Brazilian court suspends telegram over Neo-Nazi activity
A court in Brazil has demanded a nationwide suspension of the messaging app Telegram due to the company’s failure to provide the information requested by authorities on neo-Nazi groups using the platform. This development follows a series of violent school attacks, one of which may have connections to anti-Semitic activity within some of the app’s groups.
Justice Minister Flavio Dino announced that the court has fined Telegram one million reais (approximately US$198,000) per day for non-compliance with an ongoing investigation into neo-Nazi behaviour on social networks, leading to the temporary suspension of the platform’s operations. Dino highlighted groups such as the ‘Anti-Semitic Front’ and ‘Anti-Semitic Movement’ operating on these networks, suggesting that they are a contributing factor to the violence against children.
Recent events in Brazil include a brutal attack on school pupils where a man armed with a hatchet killed four children between the ages of four and seven. Other violent incidents in schools include a 13 year old boy stabbing a teacher in Sao Paulo last month and a 16 year old gunman killing four people and injuring over 10 others in twin assaults on two schools in Aracruz, Espirito Santo, in November. According to police sources cited by the G1 news site, the teenager had allegedly contacted anti-Semitic groups on Telegram. Far-right former-president Jair Bolsonaro made the messaging app his preferred channel for communication.
Documents from the federal justice authority in Espirito Santo stated that investigators had requested Telegram to release the personal data of members from two known anti-Semitic groups on the platform. However, the company solely provided information on one group’s administrator, indicating an unwillingness to cooperate with the investigation.
In response to this growing ‘epidemic’ of school attacks, the government of leftist President Luiz Inacio Lula da Silva has recently imposed restrictions on social media.

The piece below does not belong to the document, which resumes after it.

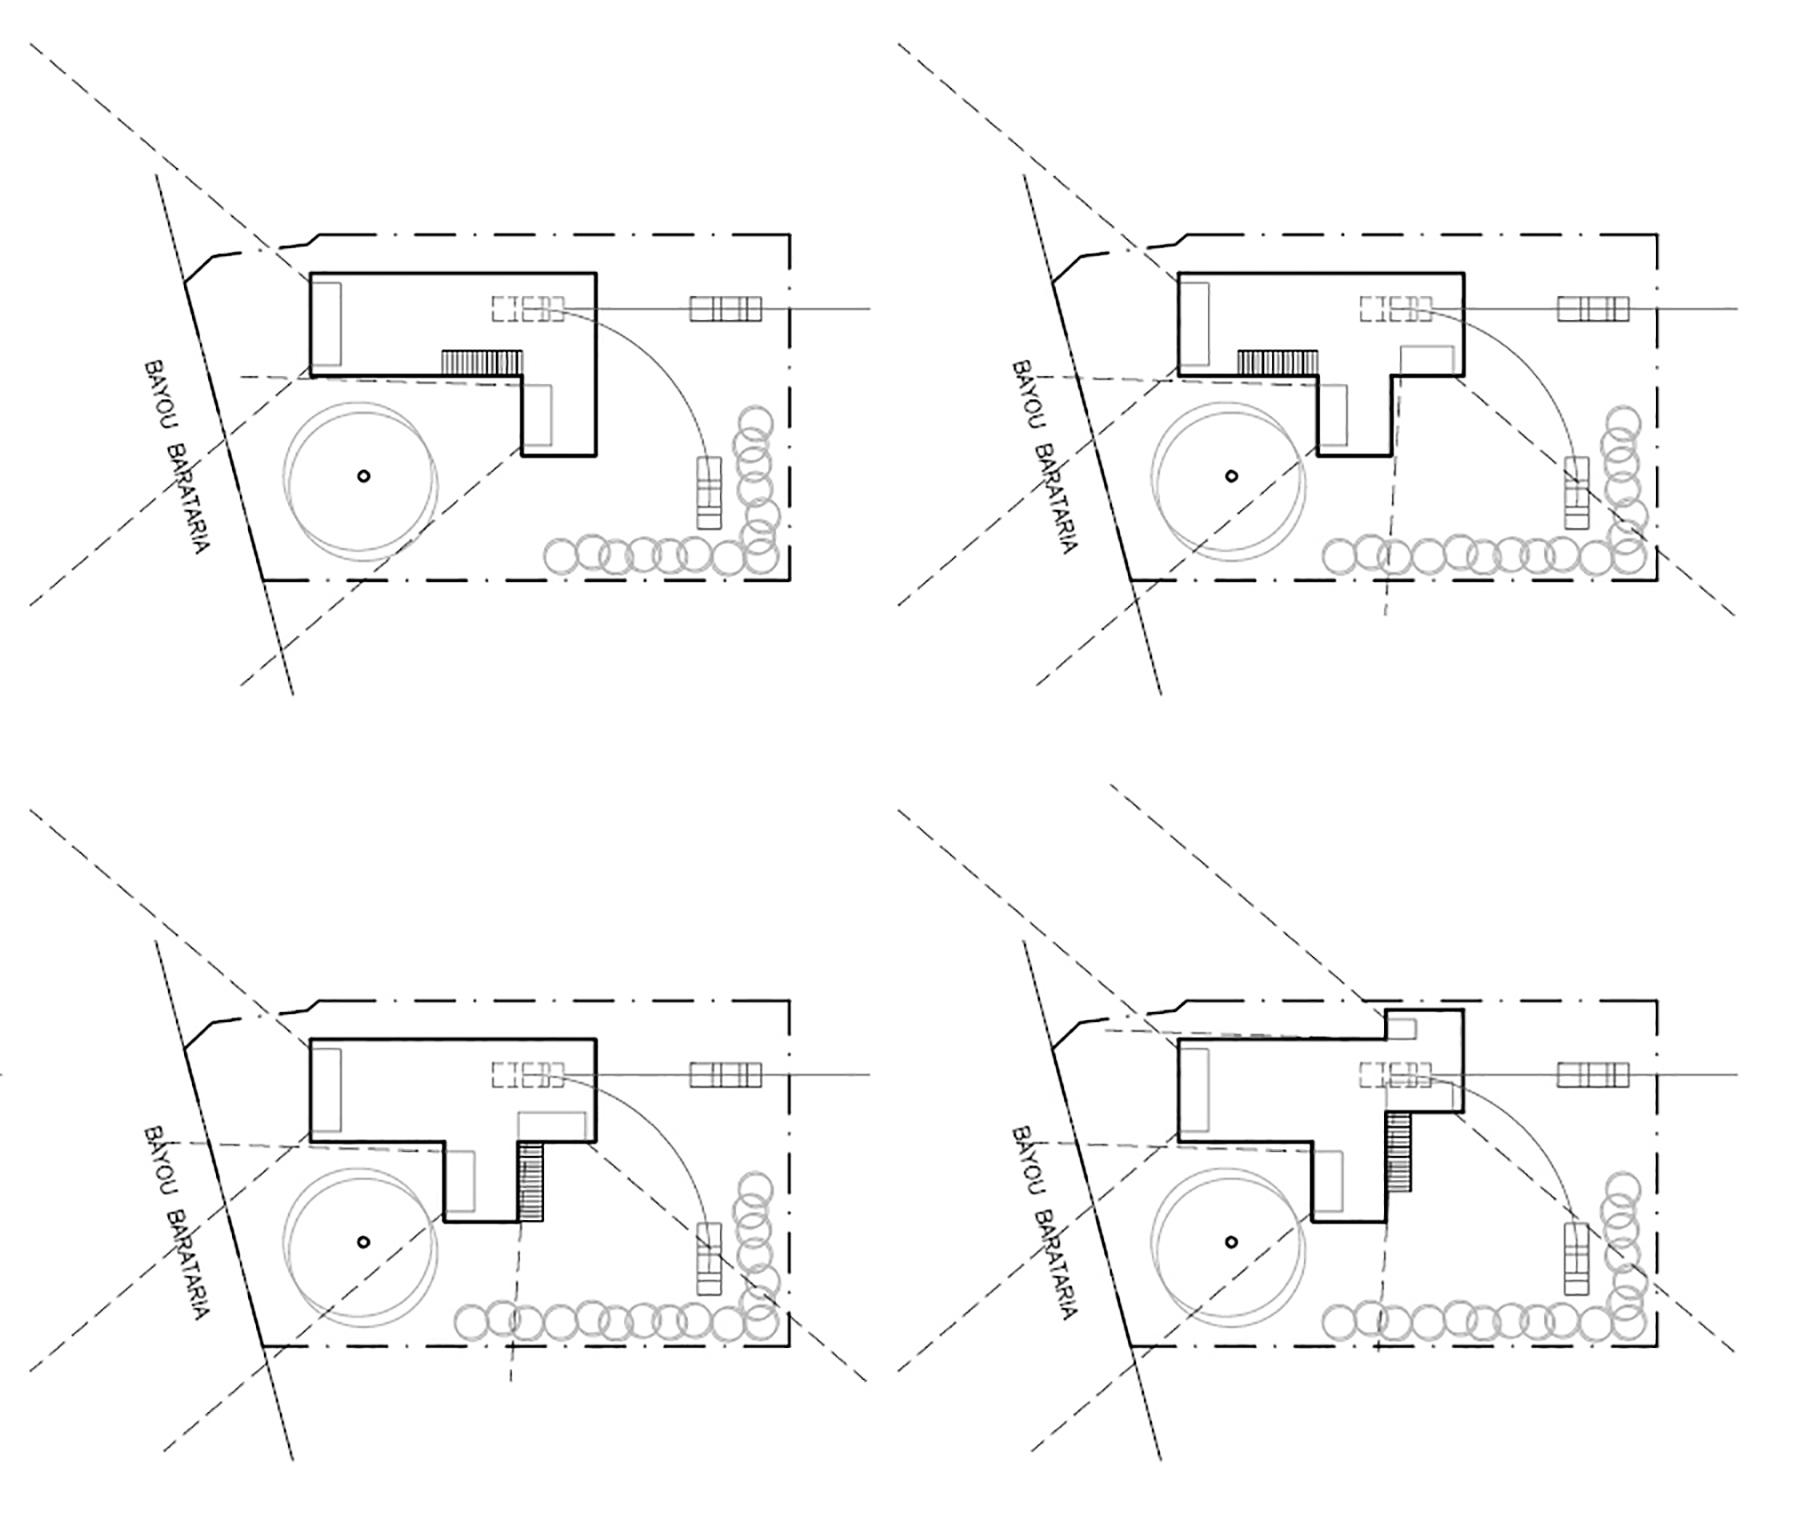 LAFITTE_web_final_new5 - Copy.jpg

Justice Minister Dino confirmed that sites would be required to ban content and users that promote or support attacks or violence against schools. Additionally, social media companies must also provide police with data on users sharing violent content, and prevent users banned from sharing such content from creating new profiles. The government is also collaborating on a separate law aimed at regulating social media activity.
In March 2022, the Supreme Court lifted its previous ban on Telegram, which was imposed due to the company’s refusal to take down messages containing disinformation during an election year. Former president Bolsonaro, who had seen various posts removed from Facebook, Twitter, and YouTube for breaking disinformation rules, invited his supporters to follow him on Telegram instead. The messaging app has been installed on approximately 53% of mobile phones in Brazil, and in 2022, it was the fastest-growing platform in the country, according to Brazilian authorities.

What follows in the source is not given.